Schultz:
Chris Schultz
Is football talent more important than a player's character?
Does a player's ability, or potential ability, on the field supercede his past history off the field?
In the Canadian Football League, and the National Football League, the answer is a clear yes. Just in a casual discussion with my associates at TSN.ca, we came up with a dozen players who broke the law in some way, but played in the CFL. Some, just a training camp here and there and others as established starters; the majority did not play for very long.
One of the reasons that I follow the Canadian football game is the tradition. The fact that it is Canadian and because the majority of the players are good people. As always, it is the minority that taint the majority. Deviant human behaviour, for some oddball reason, is more entertaining to discuss than a high moral standing.
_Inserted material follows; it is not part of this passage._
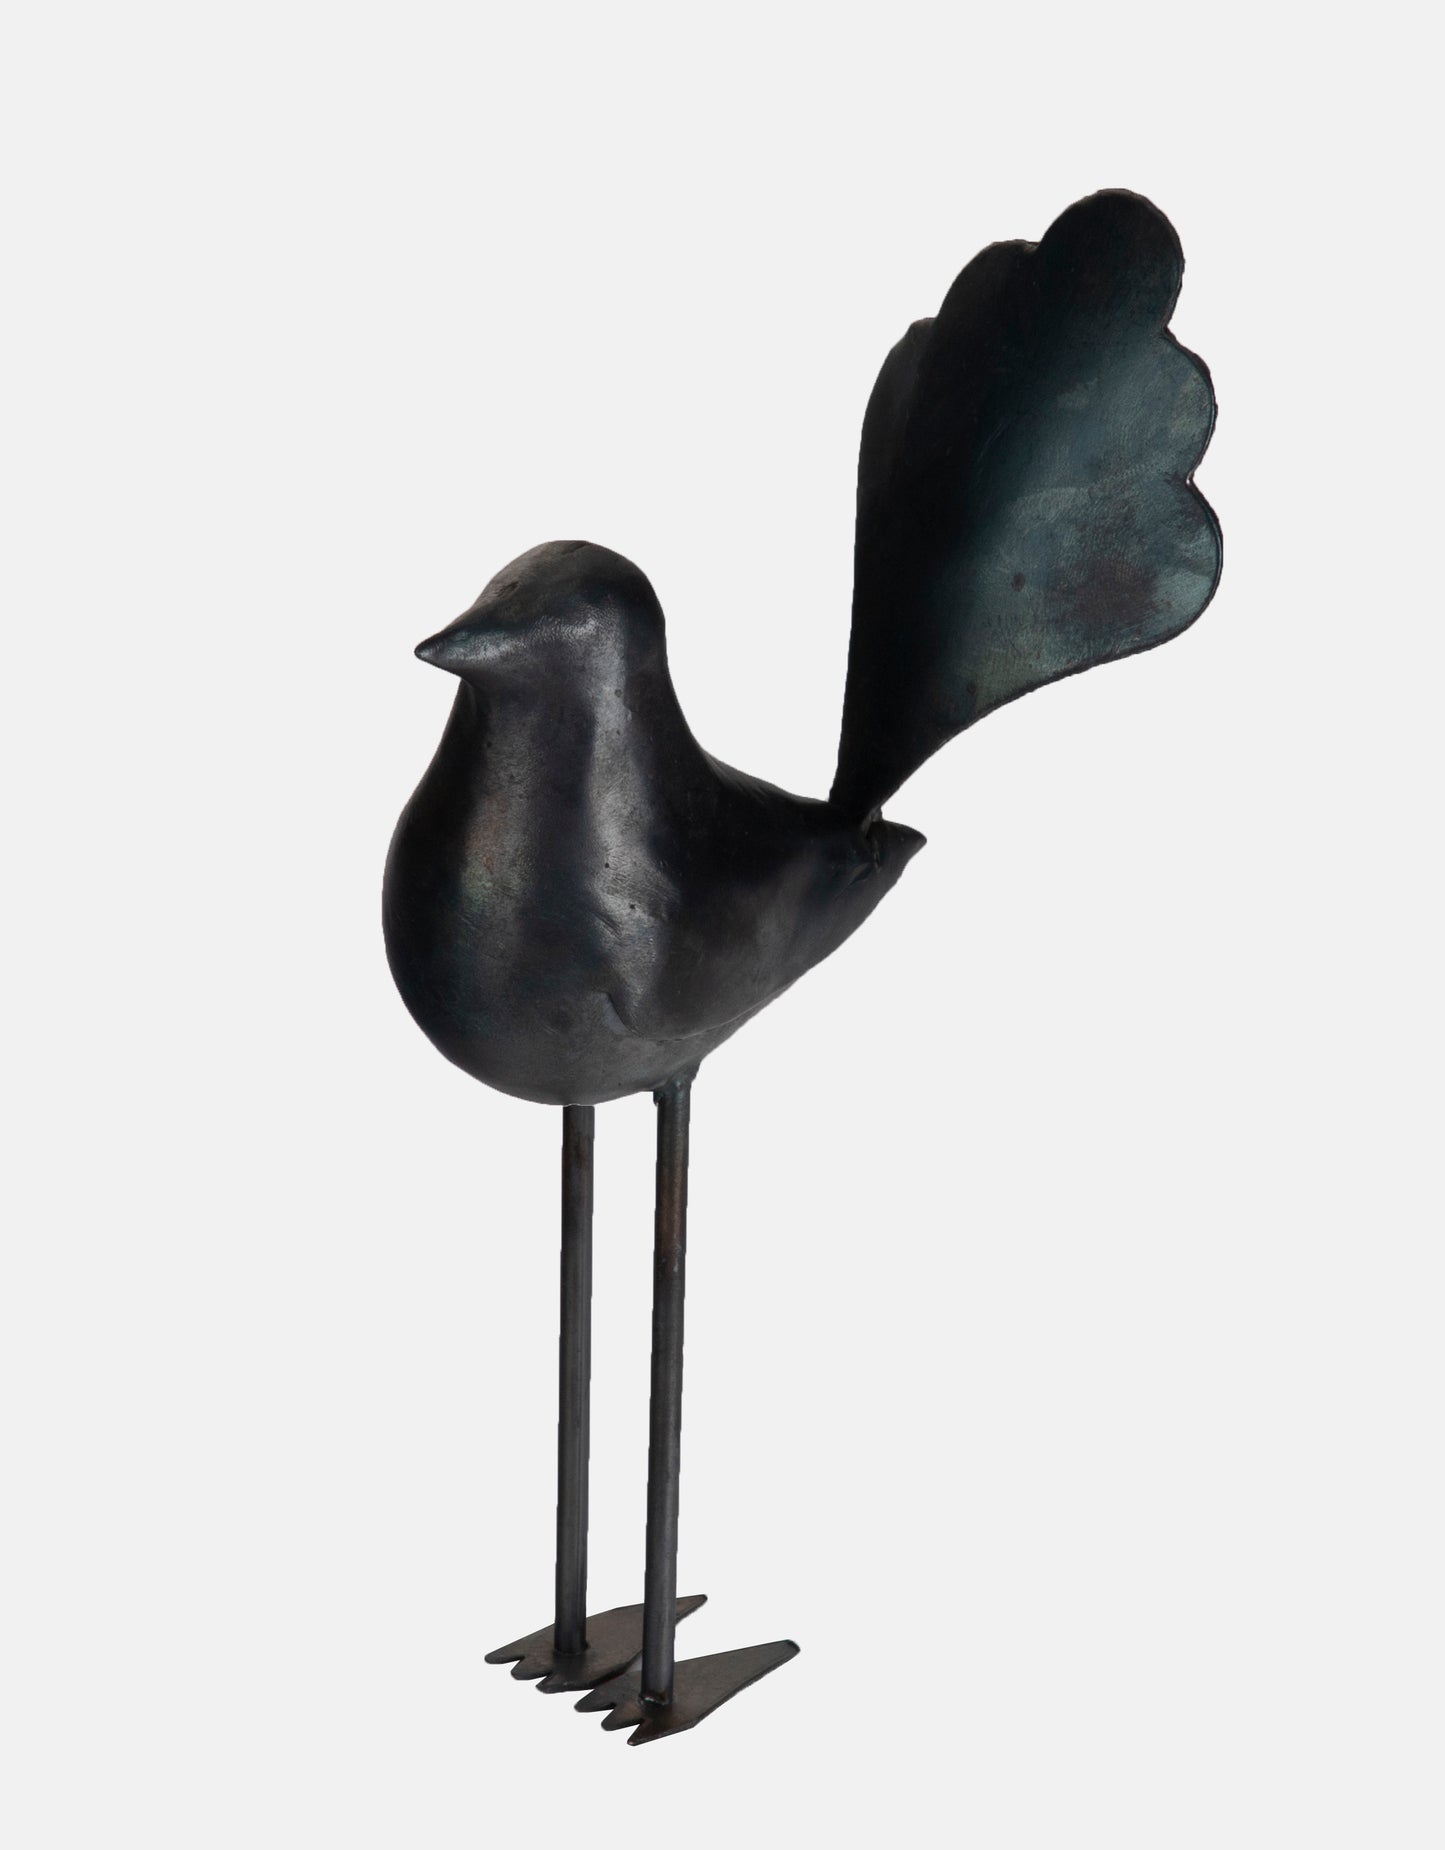 Tall Metal Bird with High Tail

For me, if I have a player of controversy, I divide it into two categories. Did the player's action hurt himself only, or did it involve other people? Ricky Williams has a problem that he needs to put himself, by choice, in an altered state of consciousness to enjoy life. He is hurting himself more than anyone else. Will he ever grow out of his dependency? I doubt it. Yes, it affects the Miami Dolphins football team and Williams' family but, in the end, Williams needs to grow up and take responsibility for his opportunity, a controllable issue.
Now, if a player has an off-field violence problem, that is another problem because it is based on a temper issue. If that violence is against women or anyone of limited physical ability, then I truly question why a football coach would want that history on his team. Beating people up on the football field is fine. Beating people up off the field psychologically scars the victim for a long time. There is something wrong with a person who can't walk away from another person that has no chance in a fight. That type of person I do not want on my team.
The person who has an alcohol or drug dependency should be given a second chance but, if it influences others, then the benefits of the majority outweigh the individual all the time.
Don't think coaches don't know. They do. They see players every day and know who was out the night before, and who is out the night before all the time.
The purpose of the off-season in football is to collect all the football talent you can find and often the talent overrides any other evaluation. A player's ability to play is the first consideration; pretty much everything else is rationalized away. The only other word that compares with talent is dependability. A player who always shows up, improves, prepares, plays, evaluates and then begins to improve again. These players, collectively have the 10-and-15 year careers and those are the players are the reason that teams consistently win.
Violence against people? No thanks. Drugs and alcohol that influence others? No thanks. Individual problem that shows a willingness to change? Well maybe, leaning to yes.
Football players are not angels, but the same goes for basketball, baseball and hockey, and in many other occupations.
So, if you are hurting yourself, you deserve a second chance. If you're taking others down as you go down, then you don't.